Estaba tan excitado que no podía seguir hablando. Entonces se acercó a su mujer y le dijo:
—Kati, ahora mismo te vienes a casa conmigo. Vístete. Todos estos acontecimientos me excitan tanto —dijo al cabo de un rato como si quisiera disculparse—. Antes solía ser muy tranquilo.
Y cuando ella se fue a vestirse le dijo al teniente en voz baja:
—No es la primera vez que lo hace. El año pasado se escapó con un profesor; los encontré en Agram. En aquella ocasión firmé un contrato de seiscientos sacos de lúpulo con la fábrica municipal de cerveza de Agram. ¡Bah!, el sur era una verdadera mina de oro. Nuestro lúpulo llegó hasta Constantinopla. Hoy estoy medio arruinado. Si el gobierno nos limita la producción de cerveza, será la puntilla.
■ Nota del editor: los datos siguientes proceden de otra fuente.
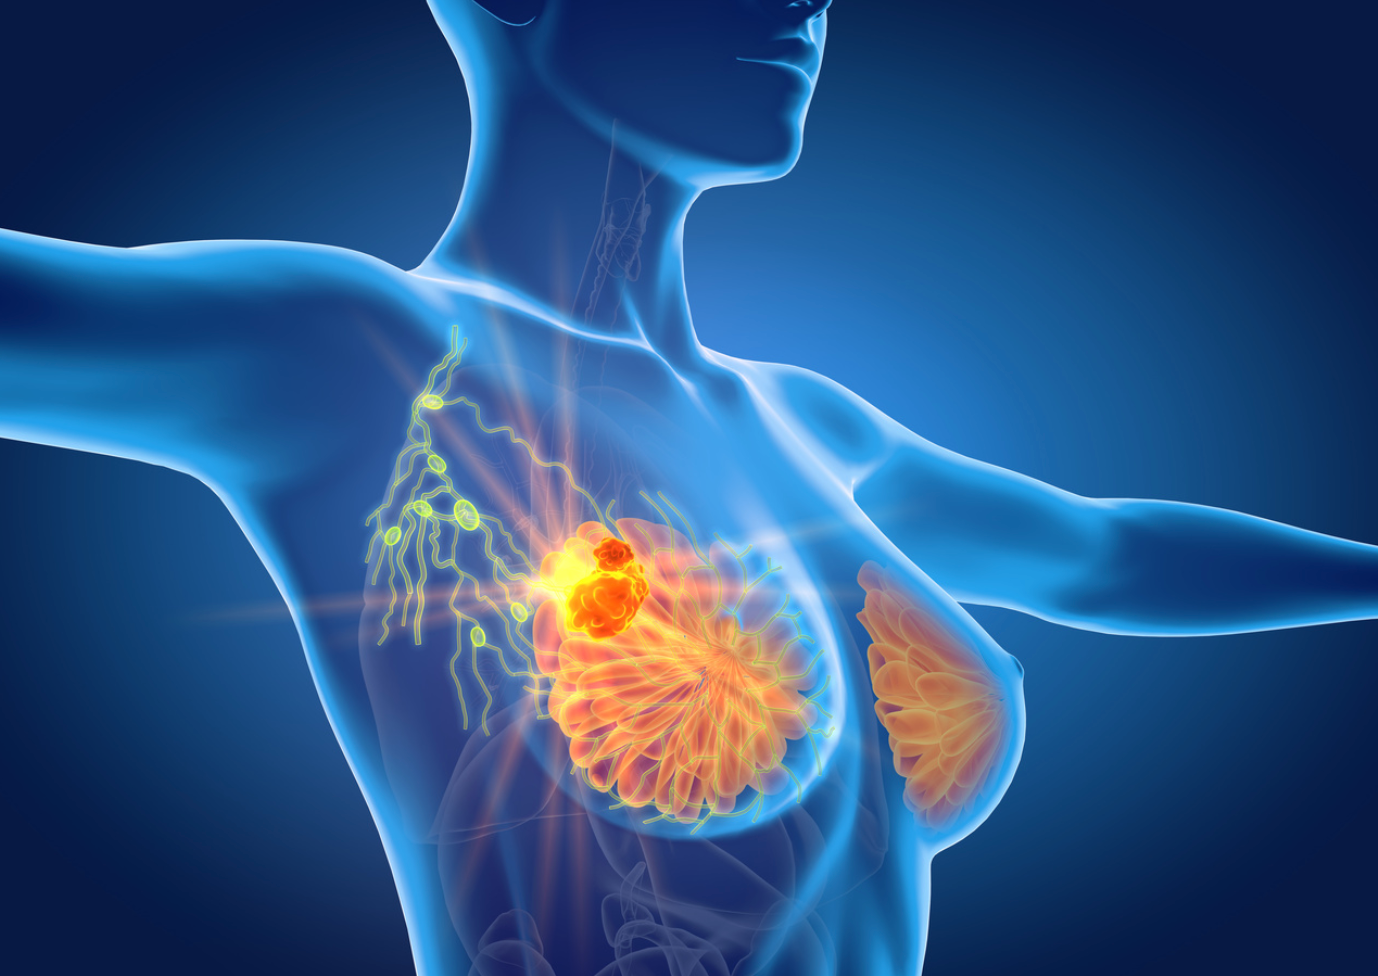 Pyrotinib, Capecitabine Combination Therapy Improves Clinical Outcomes for Certain Patients with HER2-Positive Breast Cancer
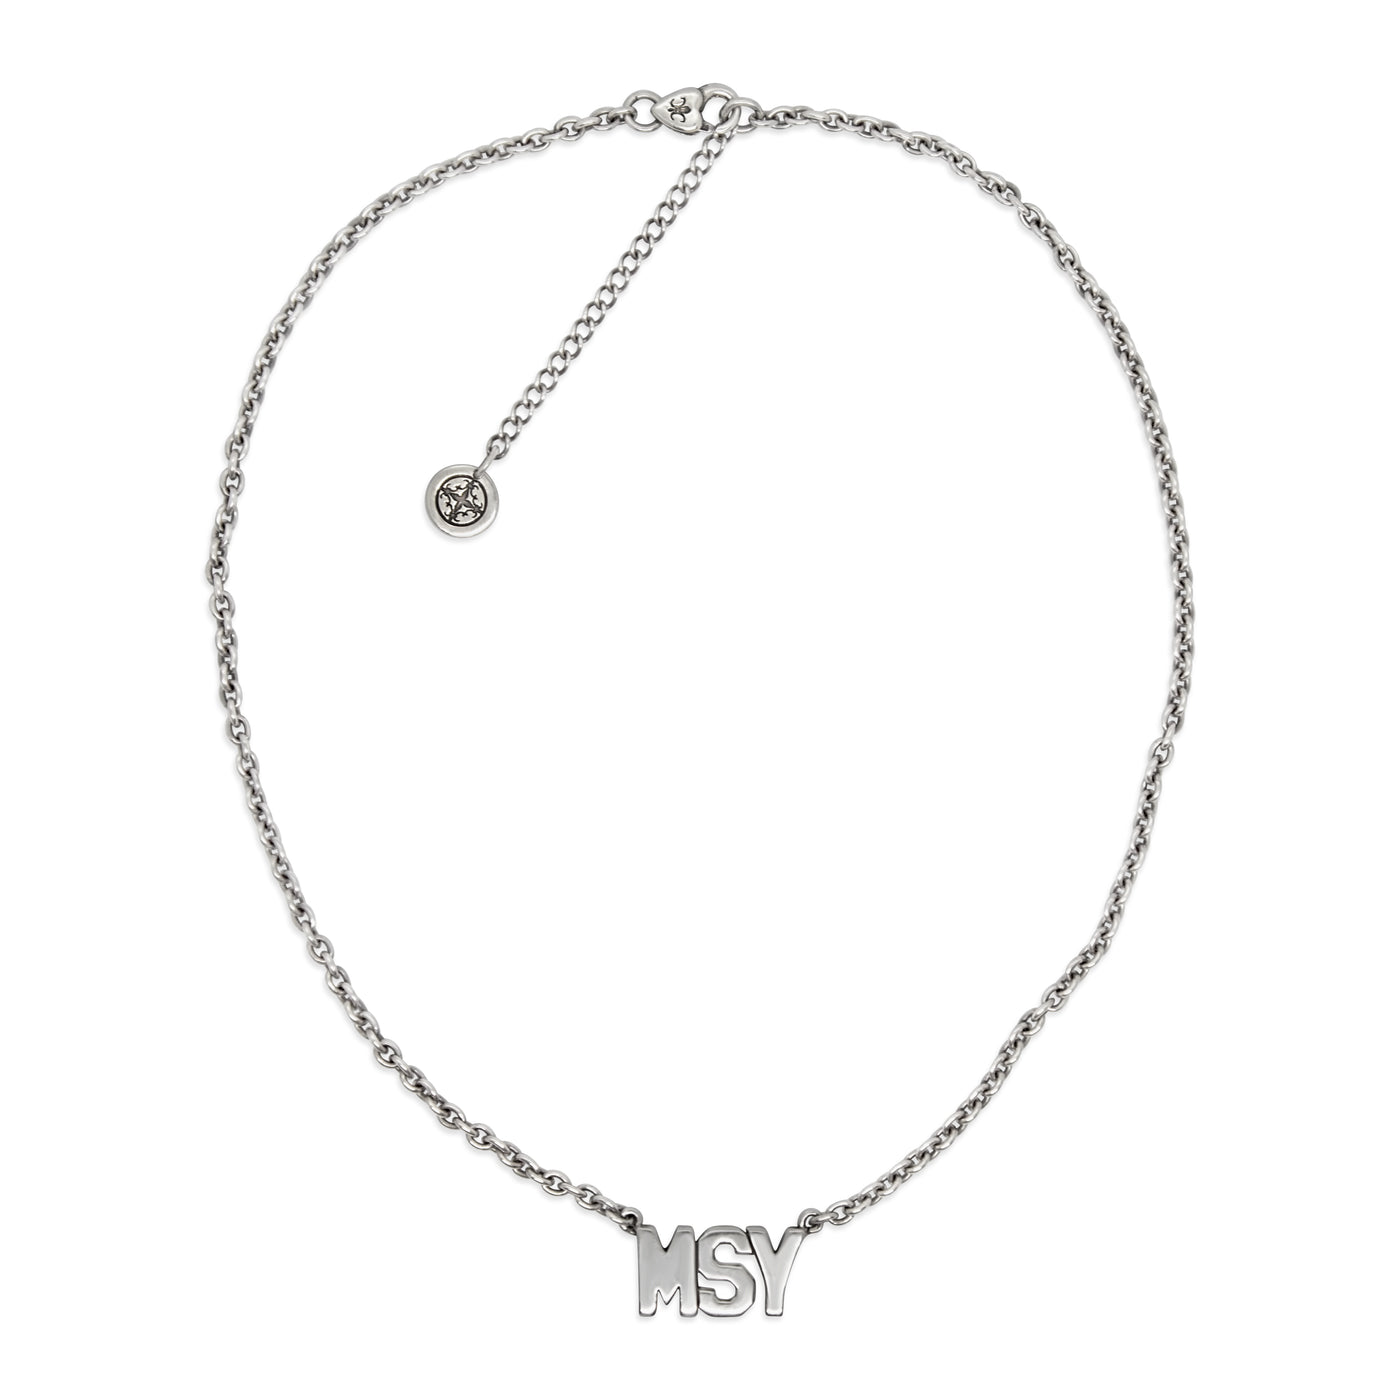 MSY International Airport Necklace

Mientras encendía el cigarrillo que se le había ofrecido dijo desesperado:
—Sólo Varsovia compraba dos mil trescientos setenta sacos. La mayor fábrica de cerveza de allí es la de los agustinos. Su representante solía venir a verme cada año. Es desesperante. Menos mal que no tengo hijos.
Esta lógica conclusión de la visita anual del representante de la fábrica de cerveza de los agustinos de Varsovia hizo sonreír un poco al teniente, cosa que el negociante notó, por lo que continuó su explicación:
—Las fábricas de cerveza húngaras de Sopron y Gross–Kanisza me compraban cada año, aproximadamente, mil sacos para la cerveza que exportaban a Alejandría. Hoy no quieren hacer encargos debido al bloqueo. Yo les ofrezco el lúpulo un treinta por ciento más barato, pero no me encargan ni un saco. Paralización, ruina, miseria y, además, preocupaciones domésticas.
El negociante enmudeció y el silencio fue interrumpido por doña Kati, que entró en la habitación dispuesta para el viaje.
—¿Qué hacemos con las maletas?
—Vendrán a buscarlas, Kati —dijo contento el negociante en lúpulo, pues en el fondo se alegraba de que todo hubiera terminado sin escenas desagradables—. Si aún quieres hacer compras tenemos que marcharnos. El tren sale a las dos y veinte.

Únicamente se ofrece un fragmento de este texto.